▼▼▼

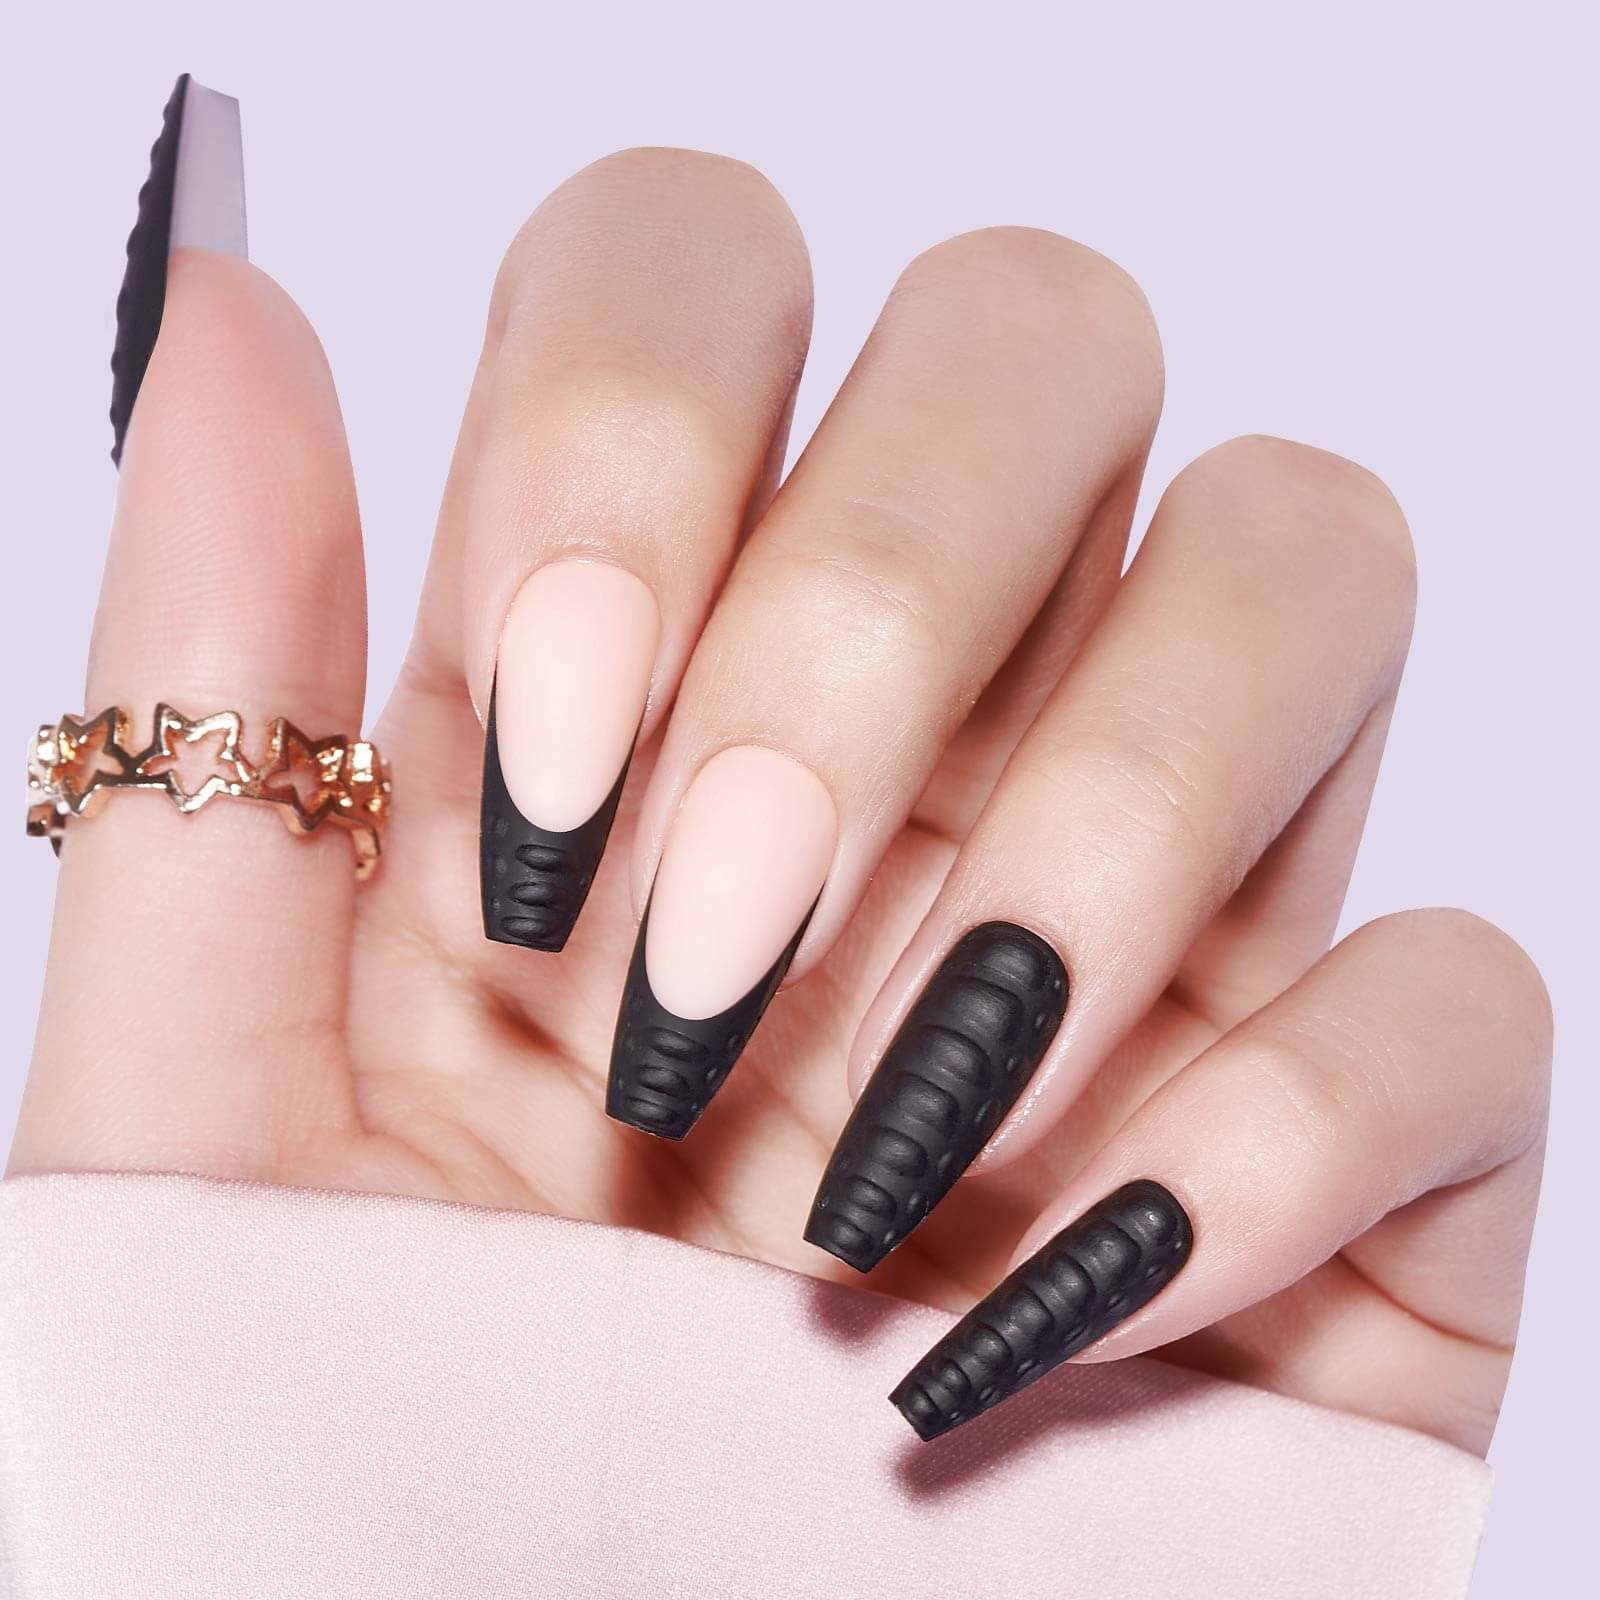 Buy MISUD Stiletto Fake Nails 24 Pcs Matte Surface Black Almond Sharp Shape  Press-on Style Art Artificial Nails Fashion False Nail Tips Online at Low  Prices in India - Amazon.in
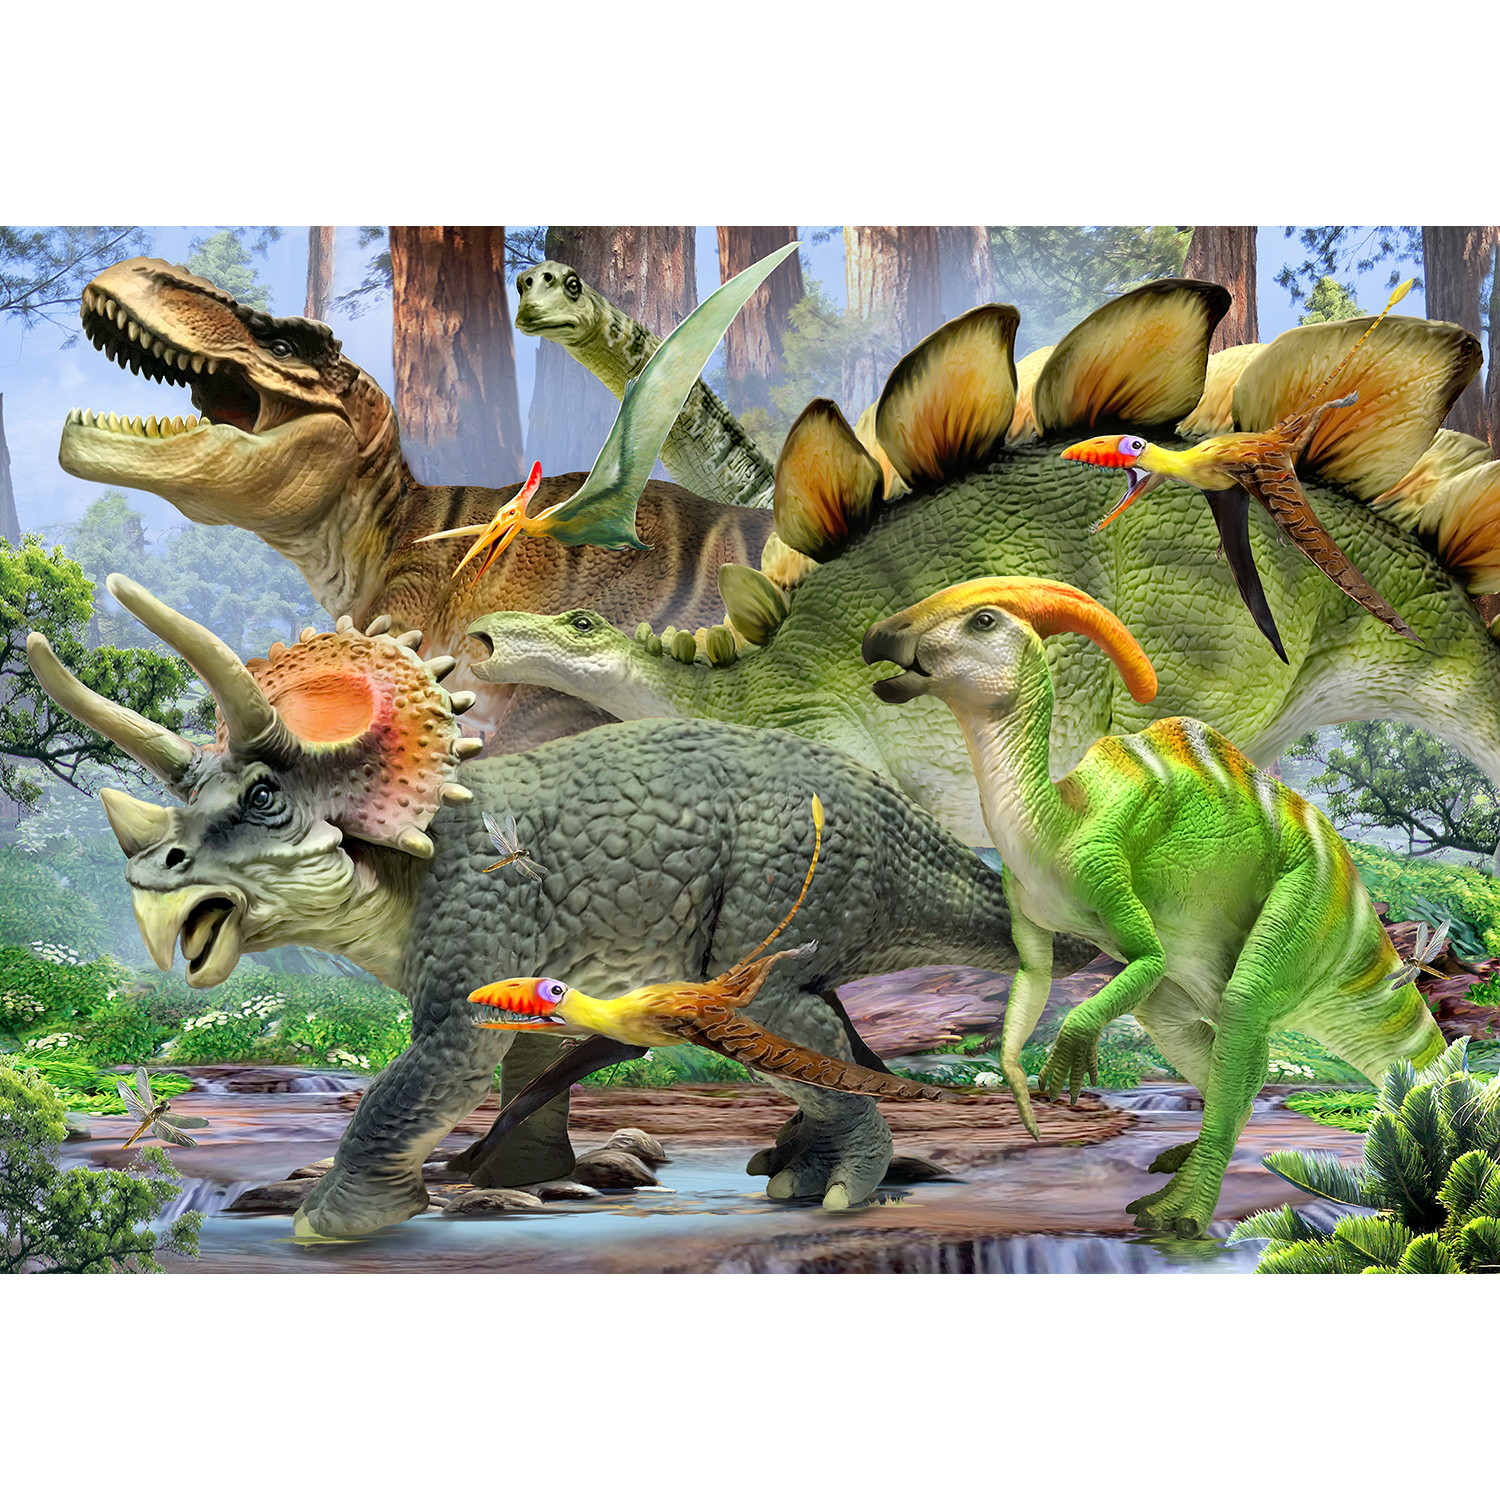 Download Dinosaurs In The Forest 48pc
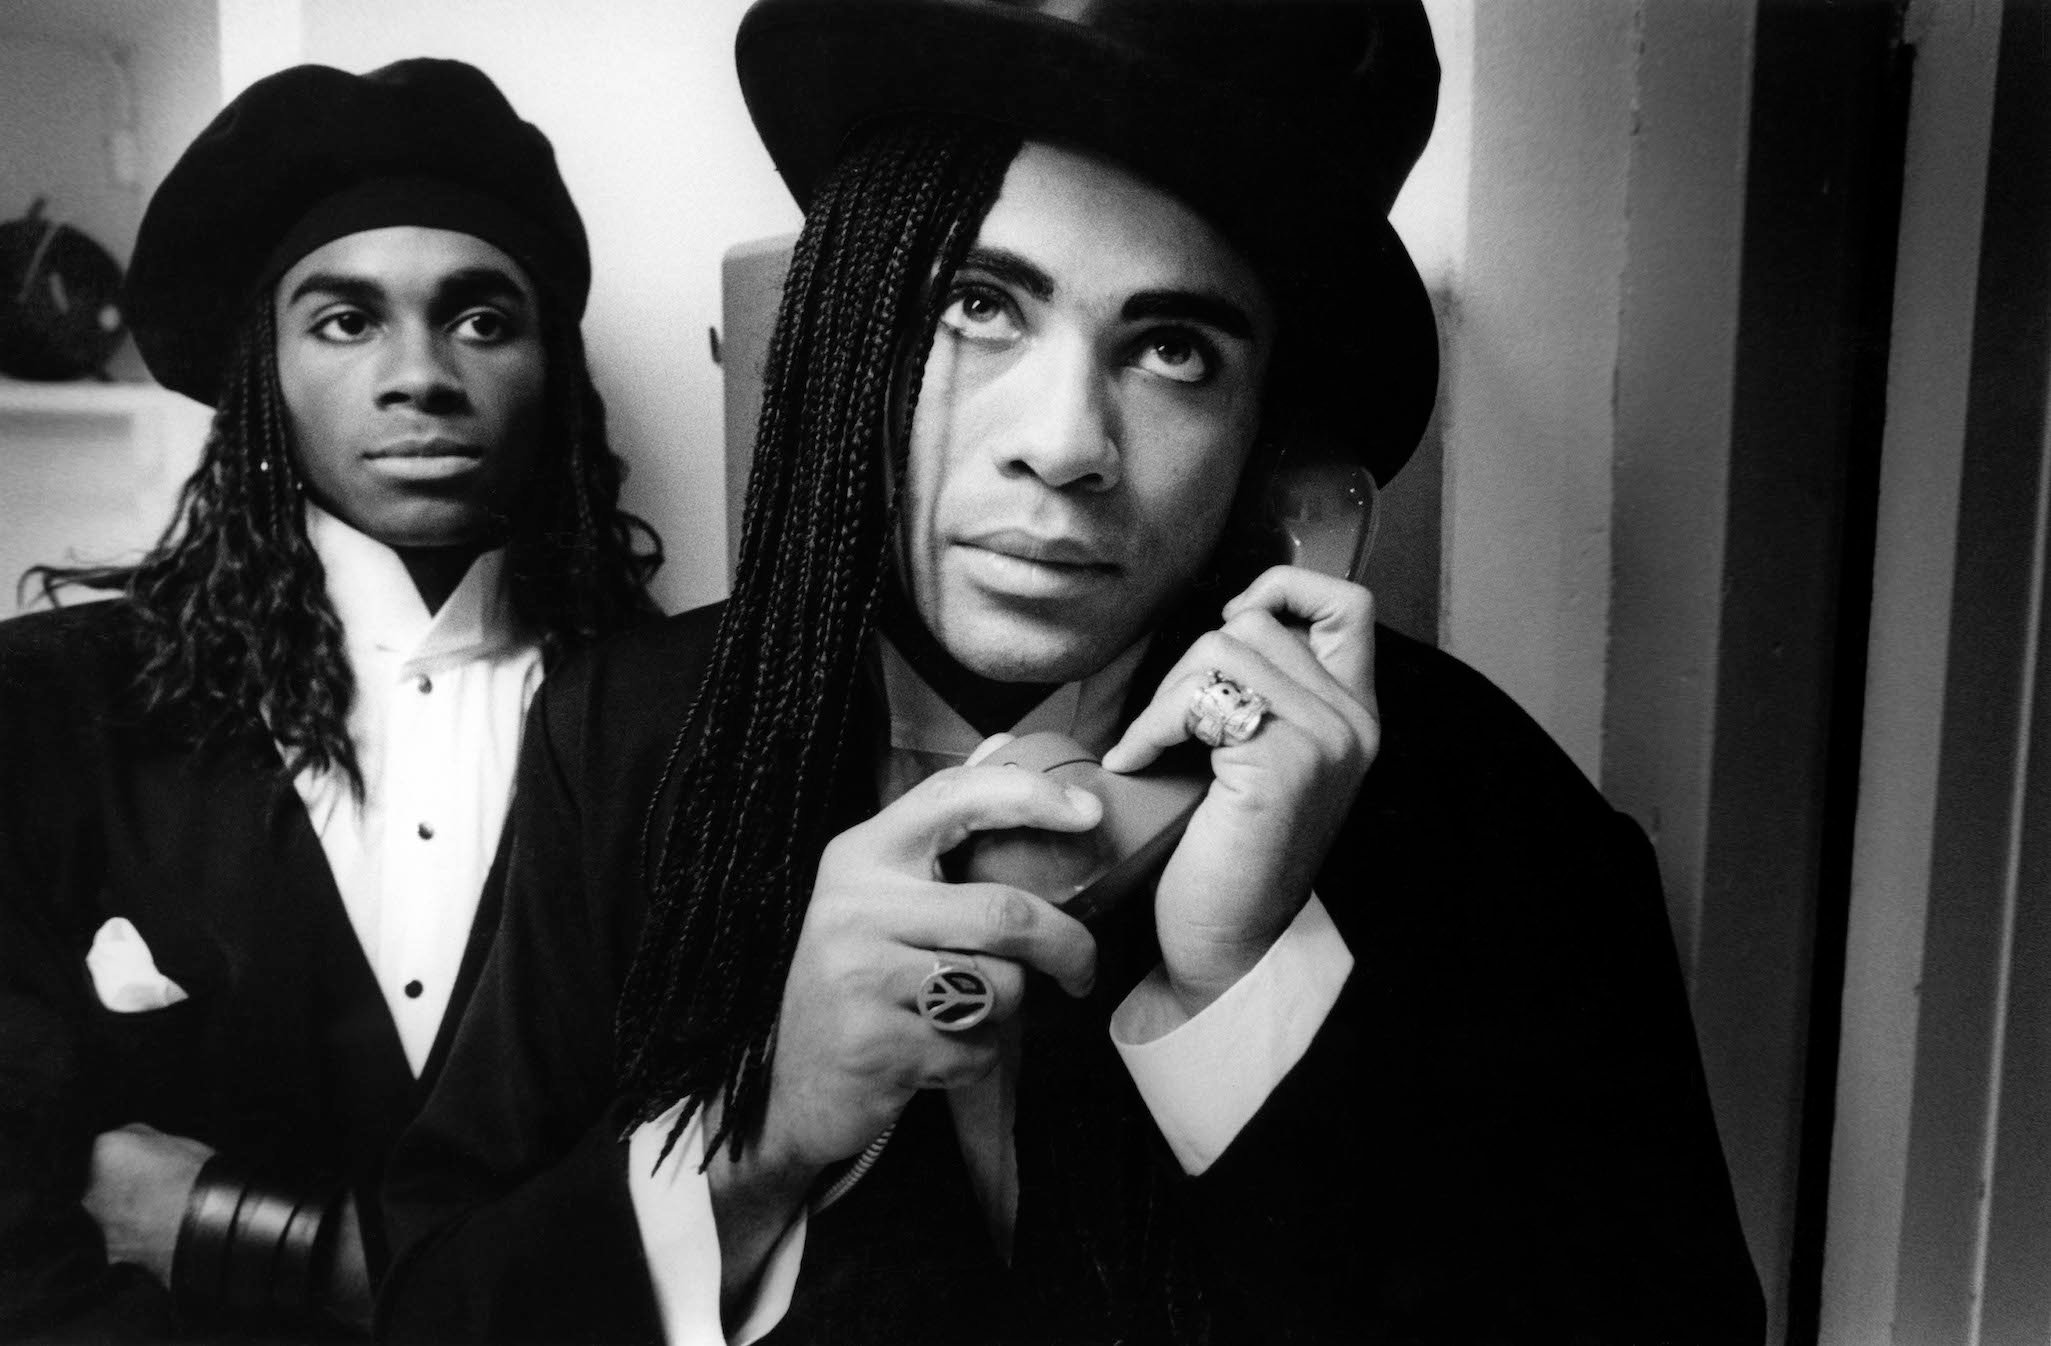 Milli Vanilli duo Fab Morvan and Rob Pilatus in a black and white portrait

▲▲▲

* Task description *
Your output should be the lines from the line containing "Download Dinosaurs In The Forest 48pc" through the last line of the listing above, restated exactly, with no pictures among them.

* Solution to this problem *
 Download Dinosaurs In The Forest 48pc
 Milli Vanilli duo Fab Morvan and Rob Pilatus in a black and white portrait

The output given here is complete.